*** Supplied material ***

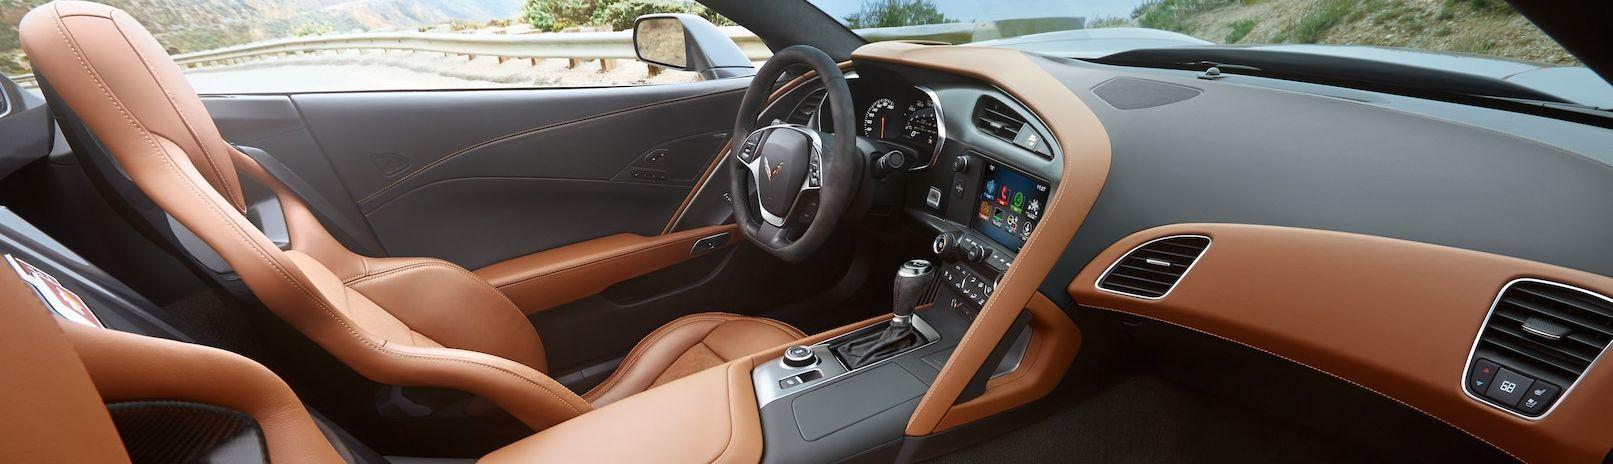 Interior of the 2019 Chevy Corvette
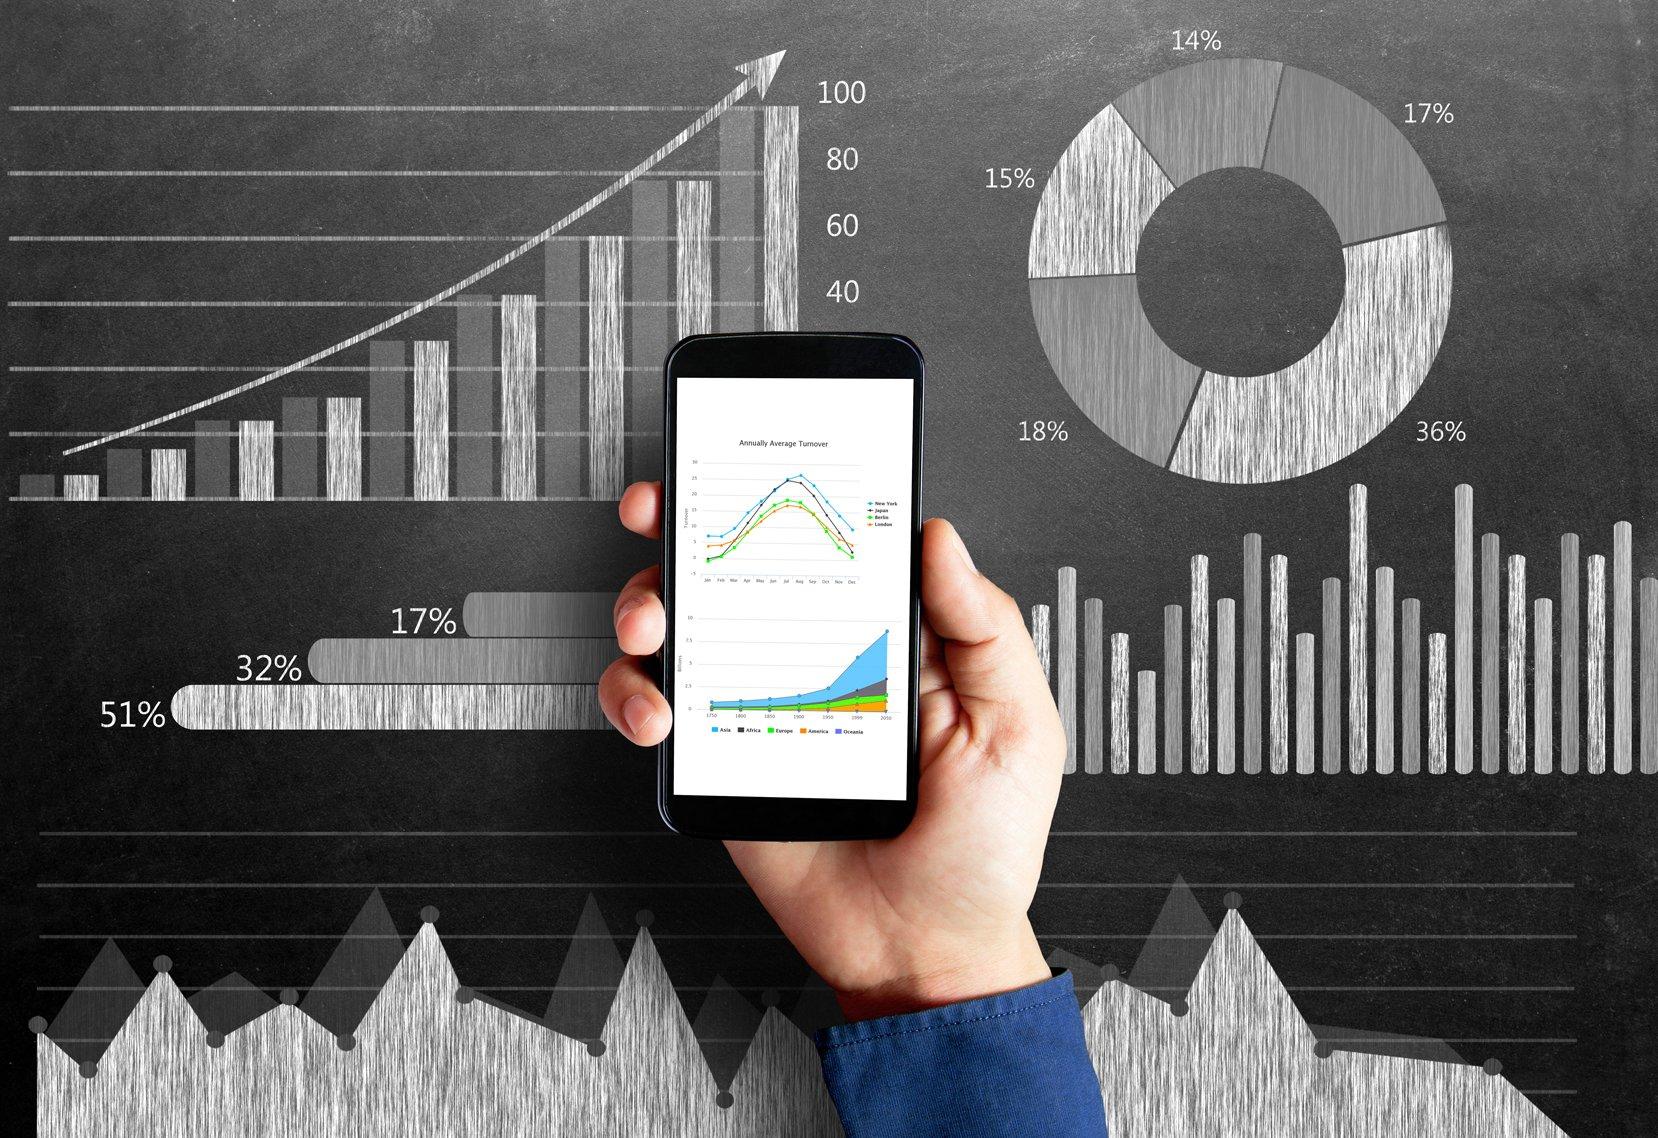 Integrated marketing communications plan
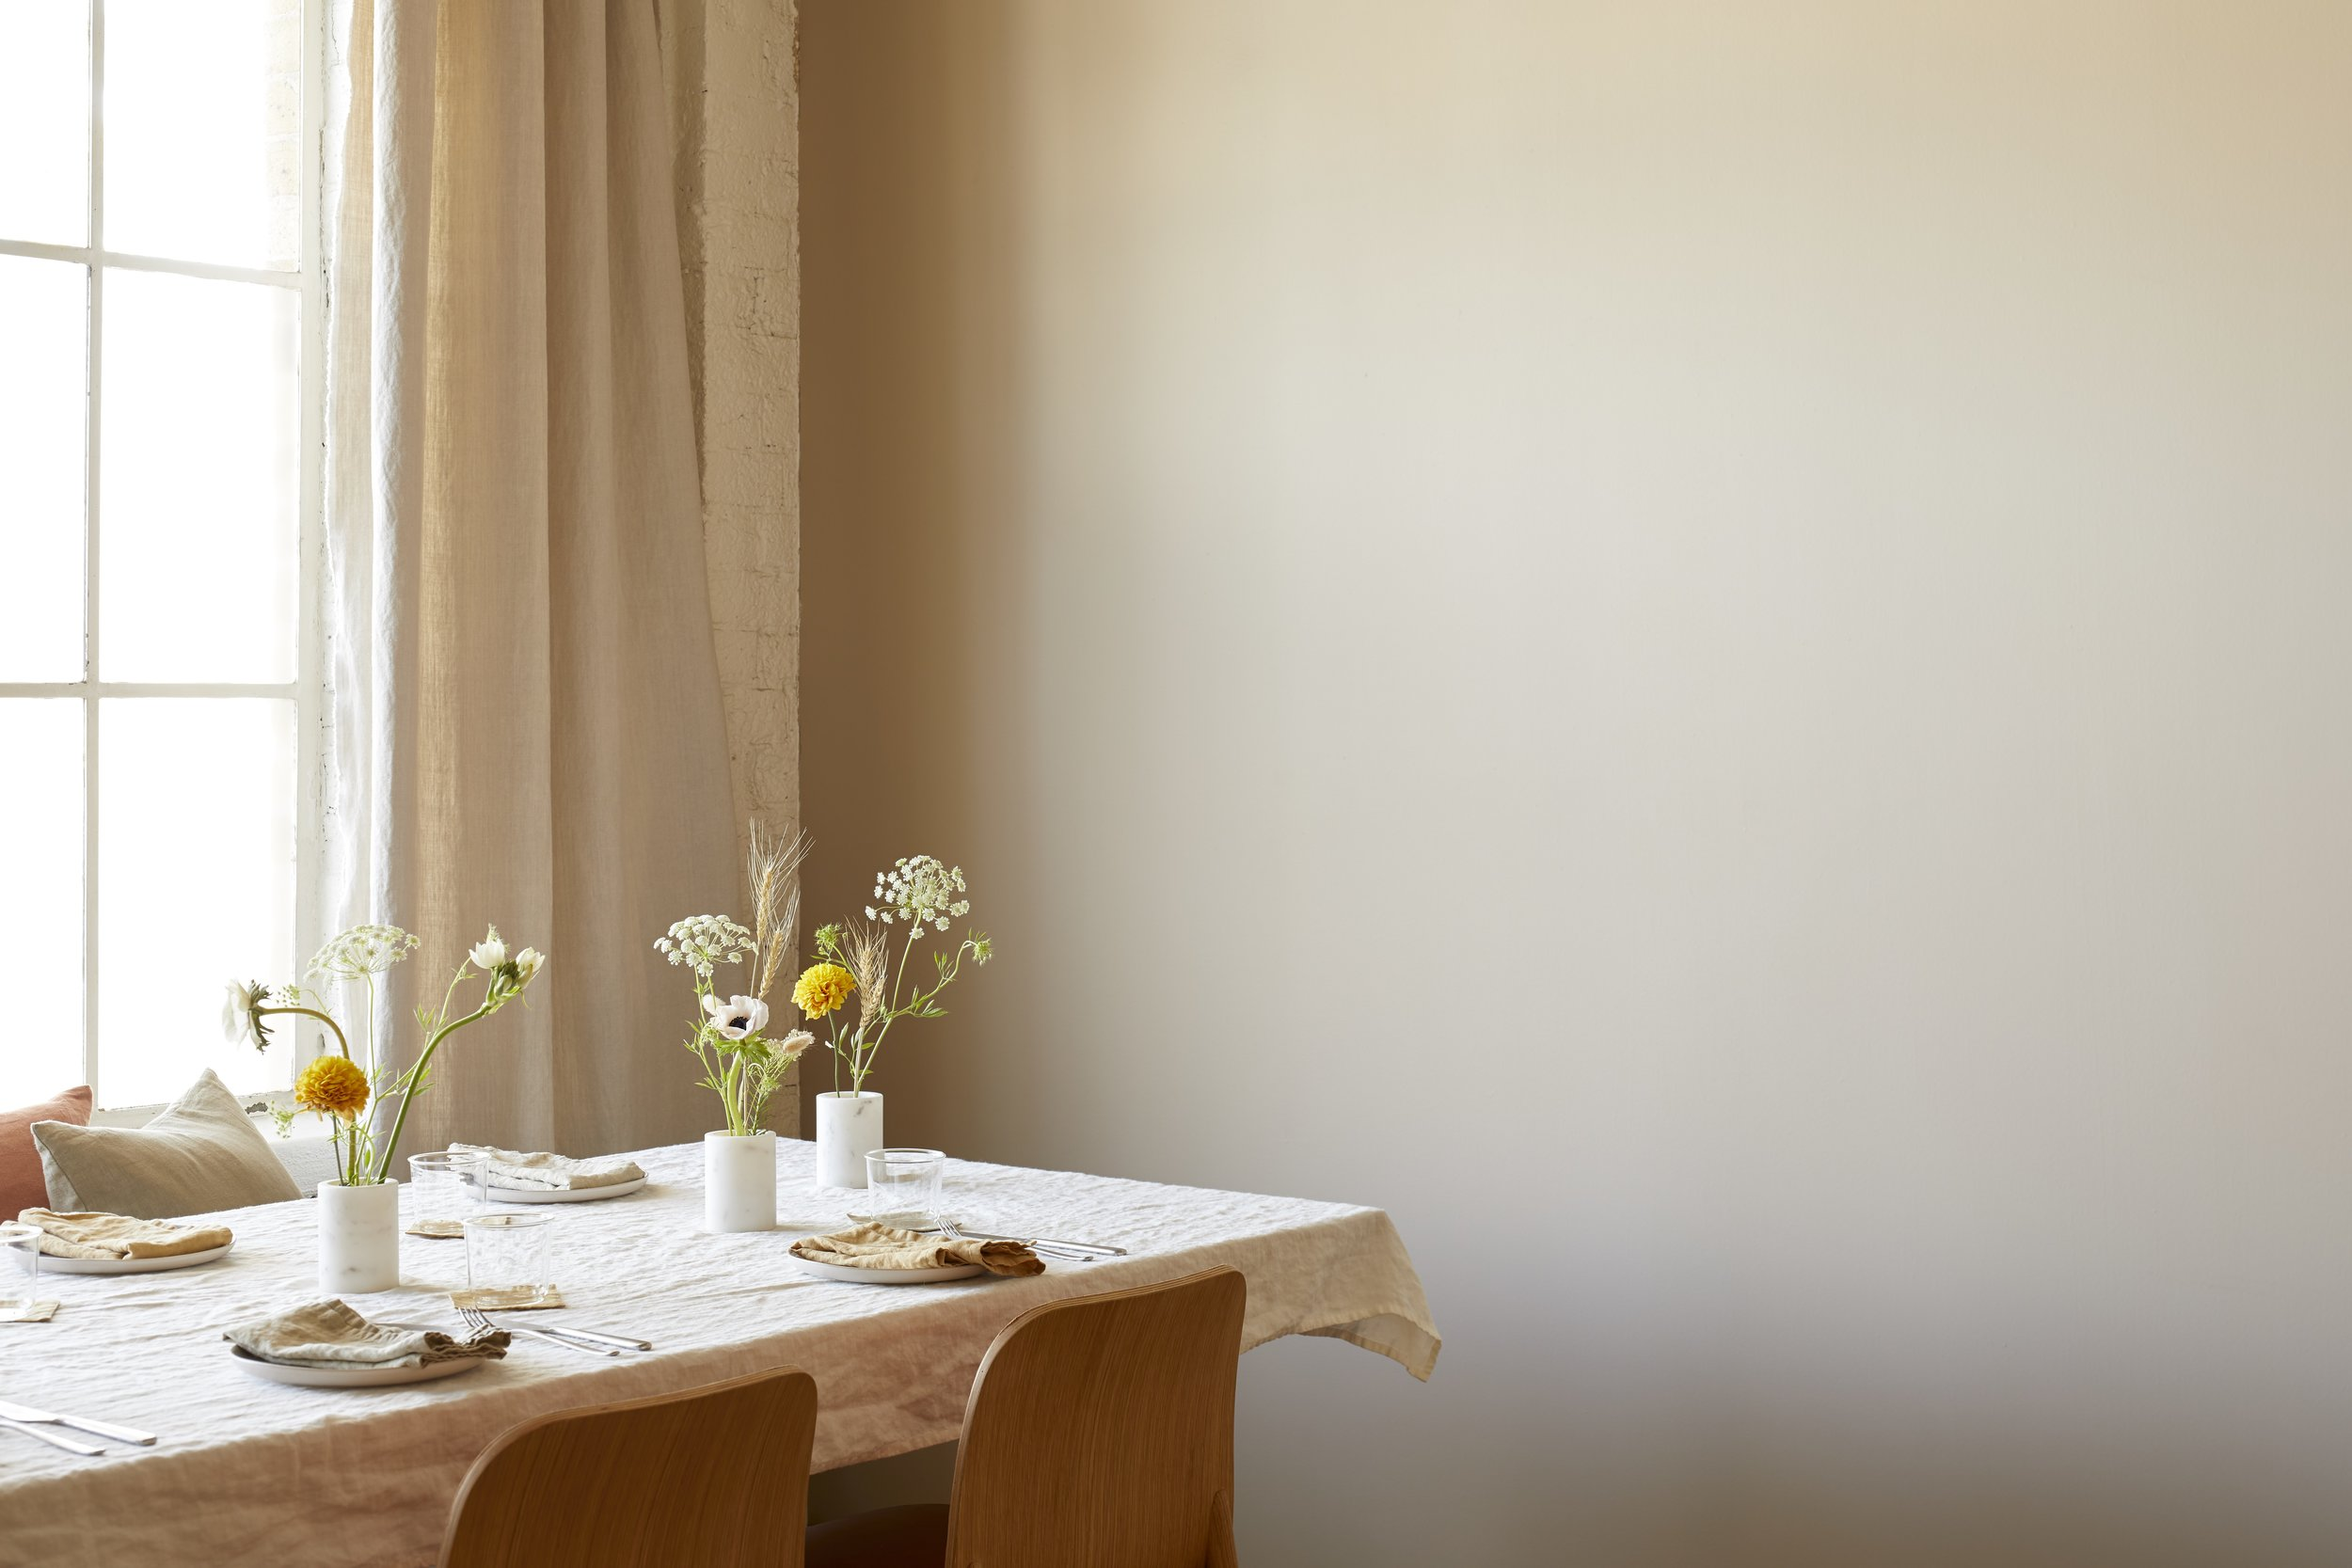 SYS.Dining.226.jpg

***

> Problem description
Set down the data again, exactly, without images.

> Output for this task
 Interior of the 2019 Chevy Corvette
 Integrated marketing communications plan
 SYS.Dining.226.jpg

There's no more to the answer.